Le visage de la belle‑mère s’est fermé, tandis qu’Artiom restait figé sur son fauteuil de jeux.

Ce soir‑là, Victoria a compris que la décision mûrissait en elle depuis longtemps. Les reproches, les injustices, l’ingratitude avaient atteint un point de non‑retour.

Elle est allée dans leur chambre et a ouvert la valise qu’elle avait rangée là quelques jours plus tôt, par réflexe. Elle y a déposé ses vêtements, ses papiers, son passeport, ses clés. Sans bruit, elle a fermé la chambre et pris son téléphone.

— Lène, c’est moi. Je peux venir chez toi quelques jours ? — a‑t‑elle demandé d’une voix calme.

— Bien sûr, ma chère. Tout va bien ? — a répondu l’amie.

— Je te raconterai plus tard. J’arrive d’ici une demi‑heure.

Puis, valise à la main, elle a franchi le seuil de la porte. Artiom l’a appelée :

— Victoria ? Où vas‑tu ?

Elle a posé la valise, s’est retournée et a dit avec détermination :

— Je m’en vais. Je ne reviendrai pas.

Il a tenté de la retenir, sa mère s’est interposée, mais Victoria a poursuivi :

— Je ne suis pas votre employée gratuite. J’en ai assez.

Elle a enfilé sa veste, a saisi la valise et s’est dirigée vers la sortie. Artiom a supplié, Valentina Petrovna s’est indignée, mais elle est restée de marbre.

— Adieu, — a-t‑elle murmuré avant d’ouvrir la porte.

La fraîcheur de la nuit l’a accueillie comme une promesse de liberté. Elle a respiré à pleins poumons, son cœur battant non plus de peur, mais d’excitation.

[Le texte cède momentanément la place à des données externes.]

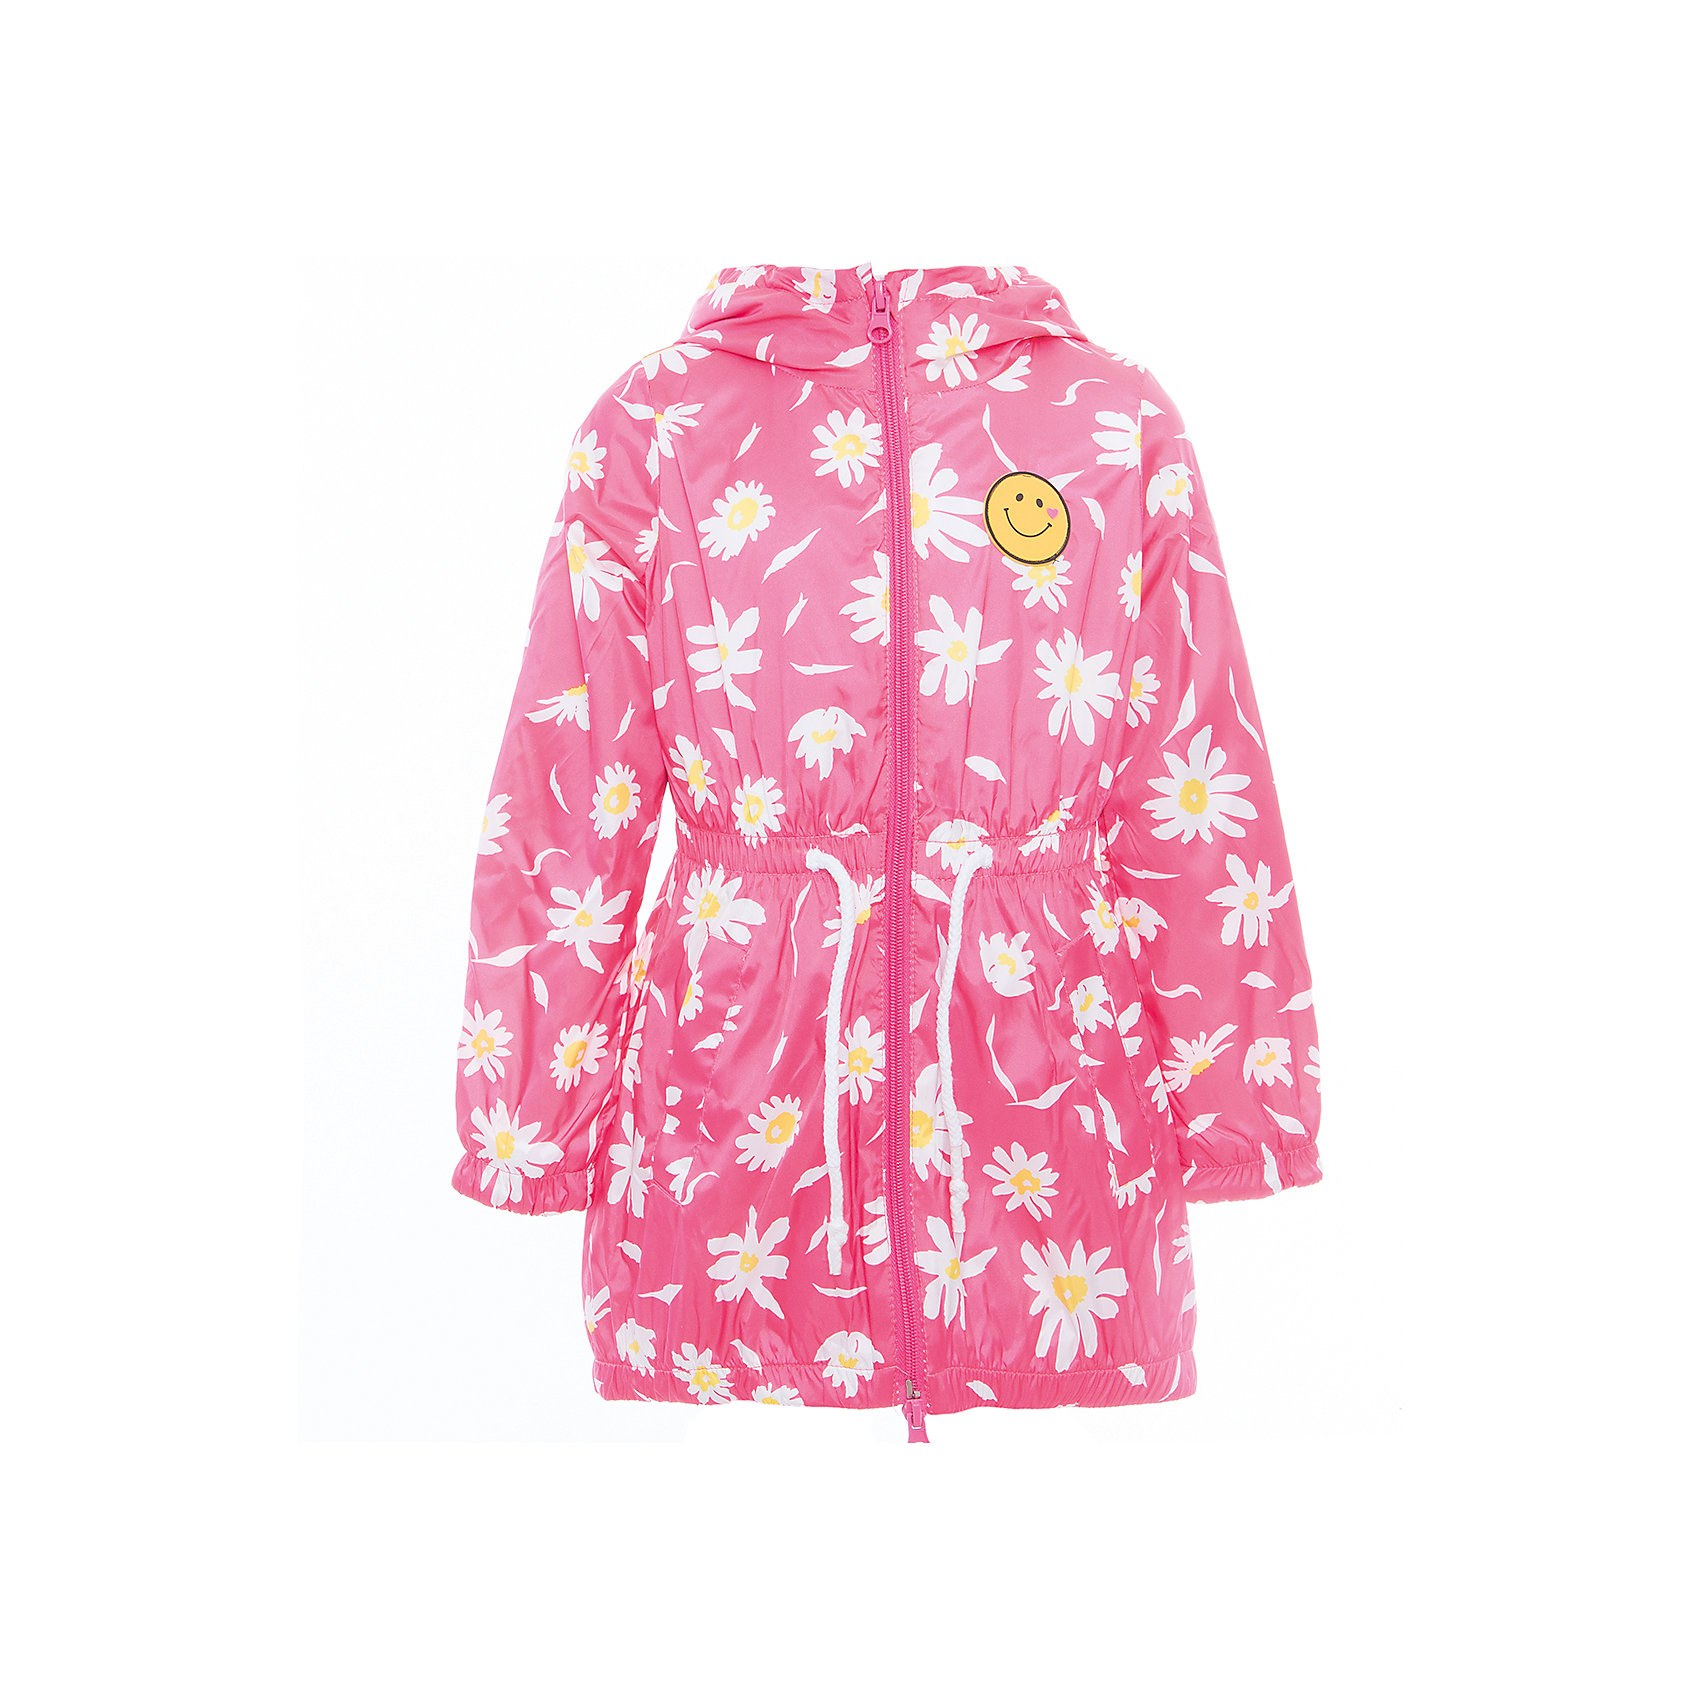 Плащ для девочки BOOM by OrbyХарактеристики товара:<br><br>• цвет: розовый<br>• состав: верх - таффета, подкладка - полиэстер, флис, без утеплителя<br>• температурный режим: от 0° до +15°С<br>• демисезон<br>• капюшон<br>• застежка - молния<br>• декорирован нашивкой<br>• принт<br>• шнурок в поясе<br>• комфортная посадка<br>• страна производства: Российская Федерация<br>• страна бренда: Российская Федерация<br>• коллекция: весна-лето 2017<br><br>Такой плащ - универсальный вариант для теплого межсезонья с постоянно меняющейся погодой. Эта модель - модная и удобная одновременно! Изделие отличается стильным ярким дизайном. Плащ хорошо сидит по фигуре, отлично сочетается с различным низом. Вещь была разработана специально для детей.<br><br>Плащ для девочки от бренда BOOM by Orby можно купить в нашем интернет-магазине.<br><br>Ширина мм: 356<br>Глубина мм: 10<br>Высота мм: 245<br>Вес г: 519<br>Цвет: розовый<br>Возраст от месяцев: 144<br>Возраст до месяцев: 156<br>Пол: Женский<br>Возраст: Детский<br>Размер: 158,110,98,116,146,104,122,128,134,140,152<br>SKU: 5343766

L’autobus est arrivé. Victoria s’est assise au fond, près de la fenêtre, et a regardé derrière elle : la lumière d’une fenêtre restait allumée dans leur appartement. Ils ne comprendraient sans doute jamais pourquoi elle était partie.

Mais elle n’avait plus besoin de leur compréhension.

Demain commençait une nouvelle vie, incertaine mais à elle. Et pour la première fois depuis longtemps, Victoria se sentait vraiment libre.